[pianotech] re. Voicing Client

Ron Nossaman rnossaman at cox.net
Thu Jul 2 21:40:26 MDT 2009


A440A at aol.com wrote:
> Ed  writes:
> 
> << I was arranging for measurements of Marc's tuning to be made so we could 
> 
> publish them when Perri Knize informed me that Marc doesn't always get it 
> 
> right, it is only The Temperament if she hears it and approves. >>
> 
>       After reading the book, what strikes me is that Perri Knize is being 
> given seemingly unquestioned credibilty for constancy, ie, that she is a 
> validly consistant judge of what is in front of her. 
>     It is entirely possible that her perception changes daily and whether 
> the tuning is "it" or not depends as much on where she is coming from at that 
> particular time as it does on what is actually on the piano.  

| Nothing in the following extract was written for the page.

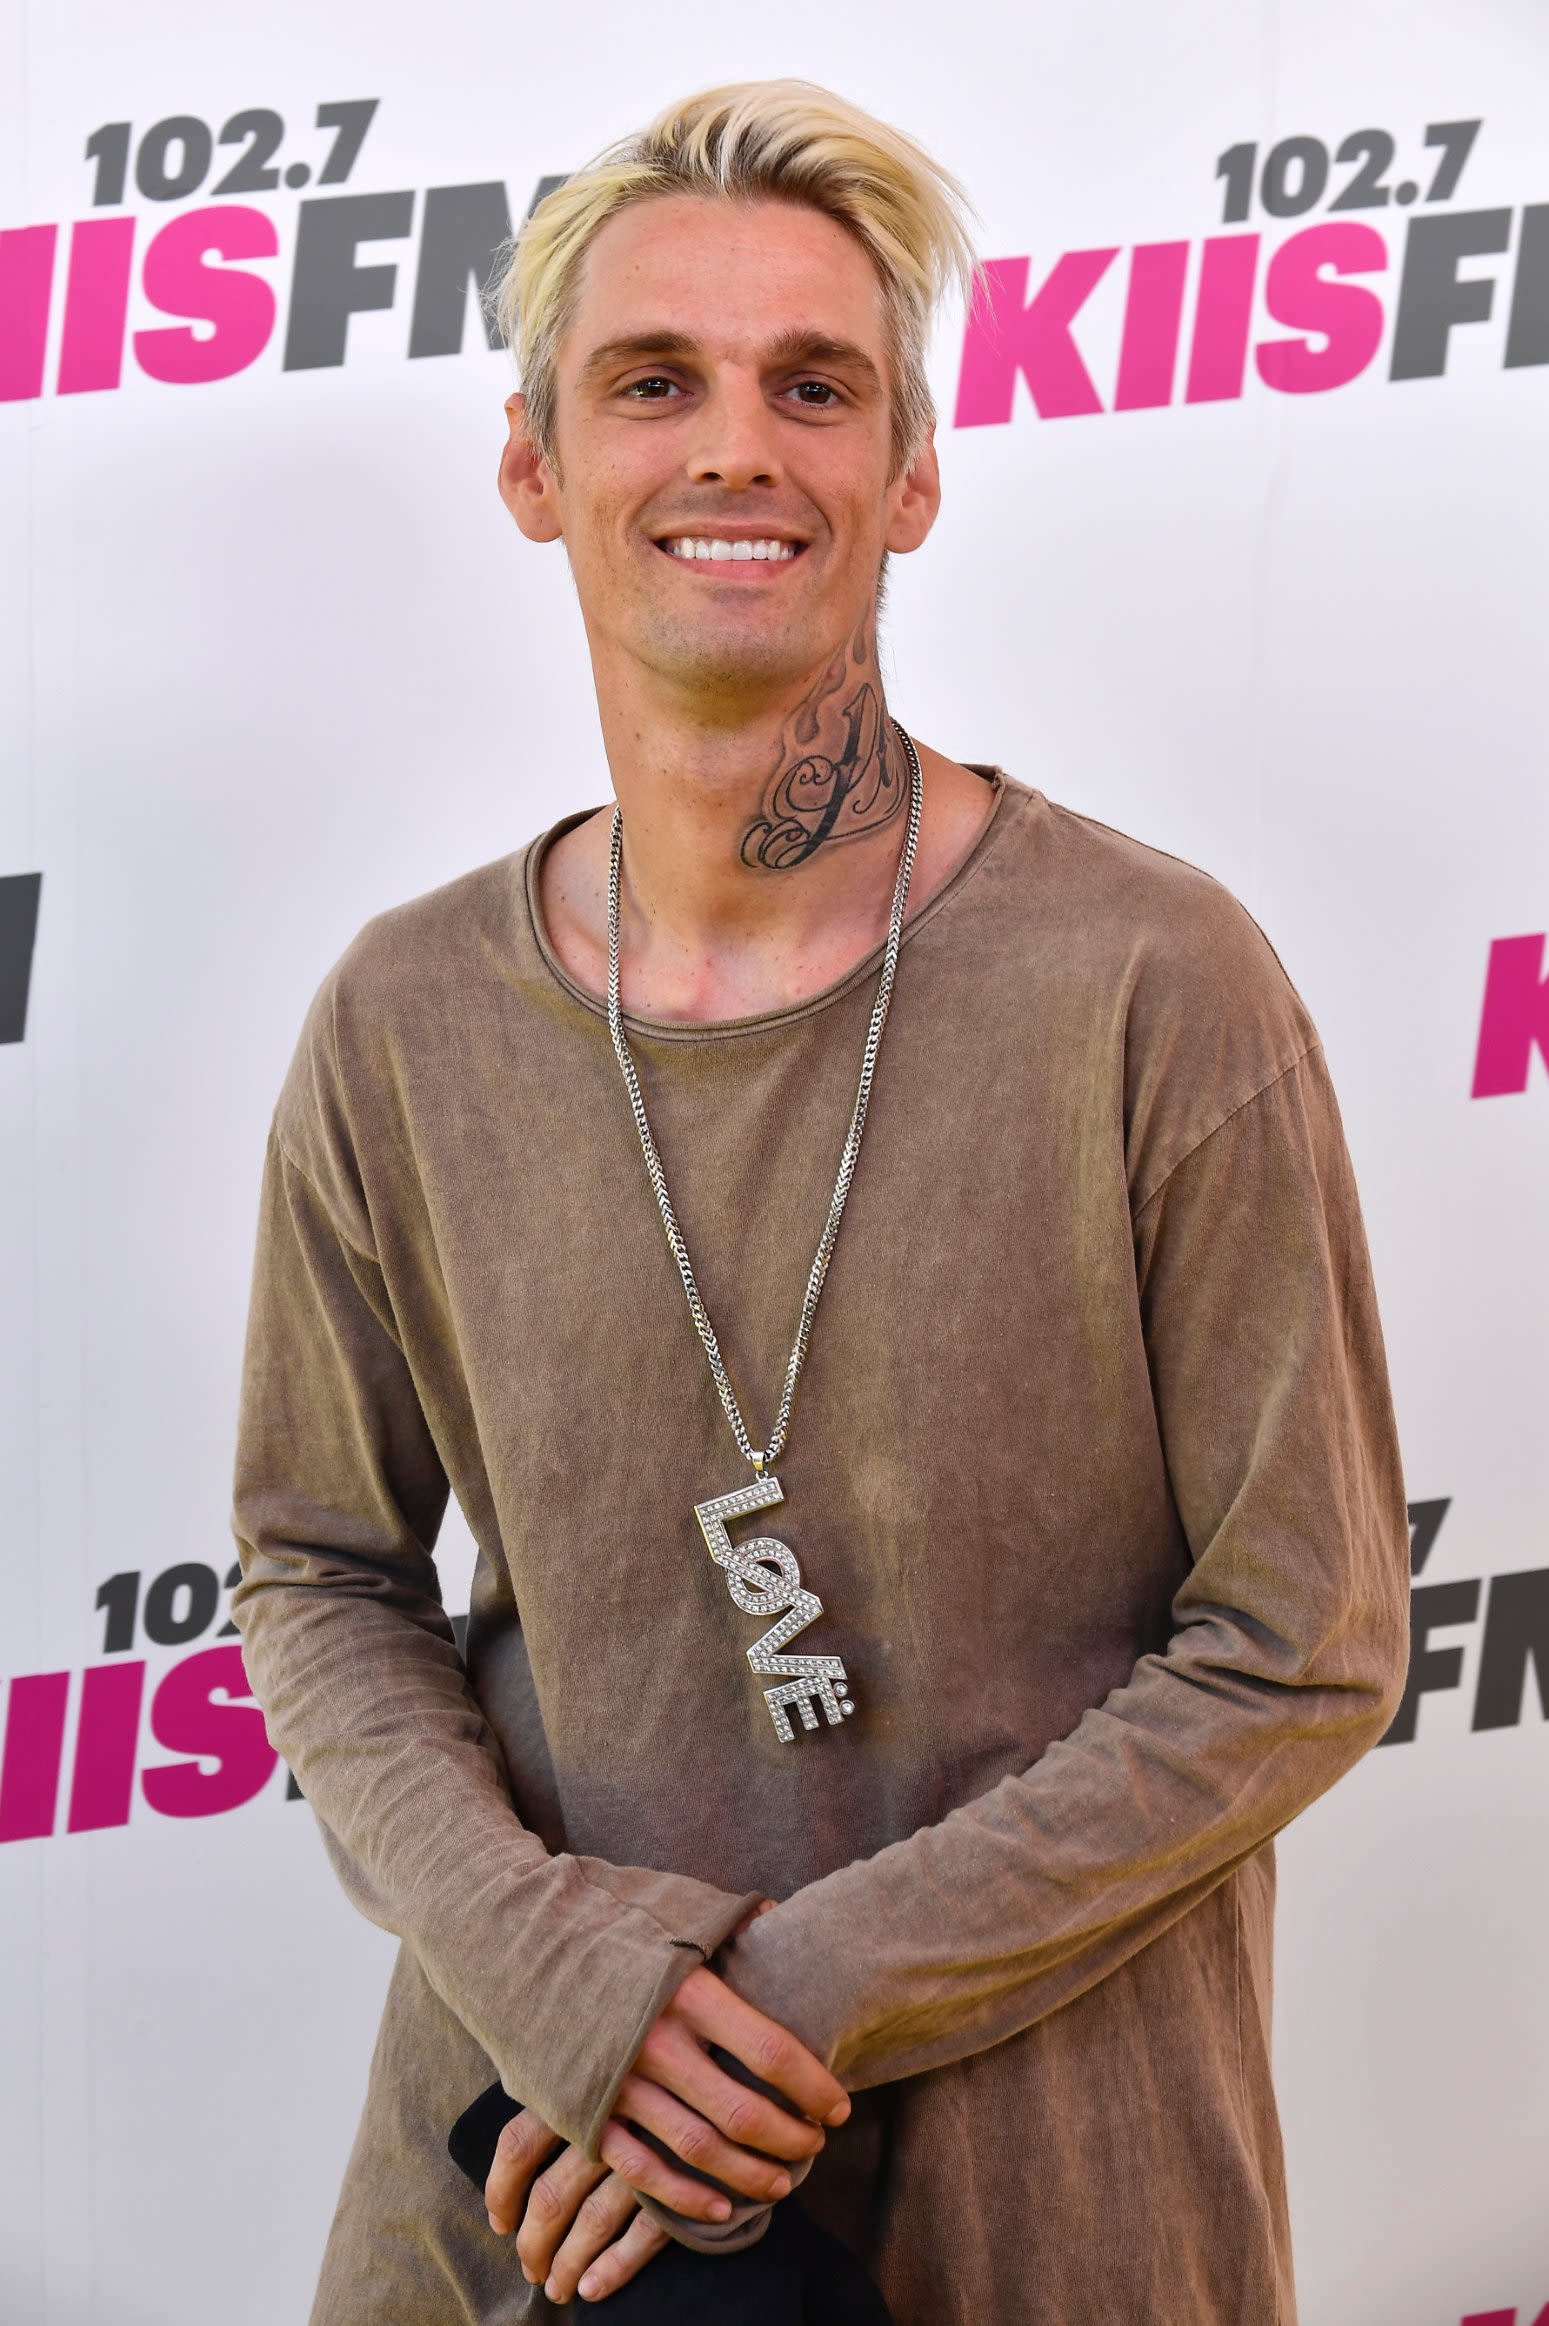 Boys To Gerls Sex New Hd Xxx Boys - Aaron Carter comes out as bisexual | CNN

That has been my take from the first description. I'm not in 
any hurry to read the book, being on the other end of the 
process too often to still find it endearing. A cup of coffee, 
or an hour's sleep either way will make all the difference at 
this level of subjective evaluation.


>Marc's tuning 
> could easily be more constant than her perception of what she is hearing, 
> and the "success" depends more on her being in a particular emotional place 
> than his stretch being at a particular level at any given time.  
>     It makes for an interesting book, but doesn't necessarily have anything 
> to do with tuning.  

I think it very likely has a lot to do with tuning, voicing, 
regulation, piano design, undefined random standards, 
subjective impression du jour, and the expectation of the 
customer having it their way no matter what. I've run into the 
attitude often enough, just rarely with someone willing to pay 
what it costs to chase the endorphin rush. Most want it with a 
free glass and car wash. You never really know which thing on 
the list that you likely don't think of as anything other than 
your day to day job will prove to be the 90lb wart on the 
process, or the magic elixir. Then, next time, you get to roll 
the dice again.

Rarely, so very rarely, someone actually has a definable high 
level criteria that makes the process worthwhile, and is 
willing to fund the quest. Then it actually gets to be fun.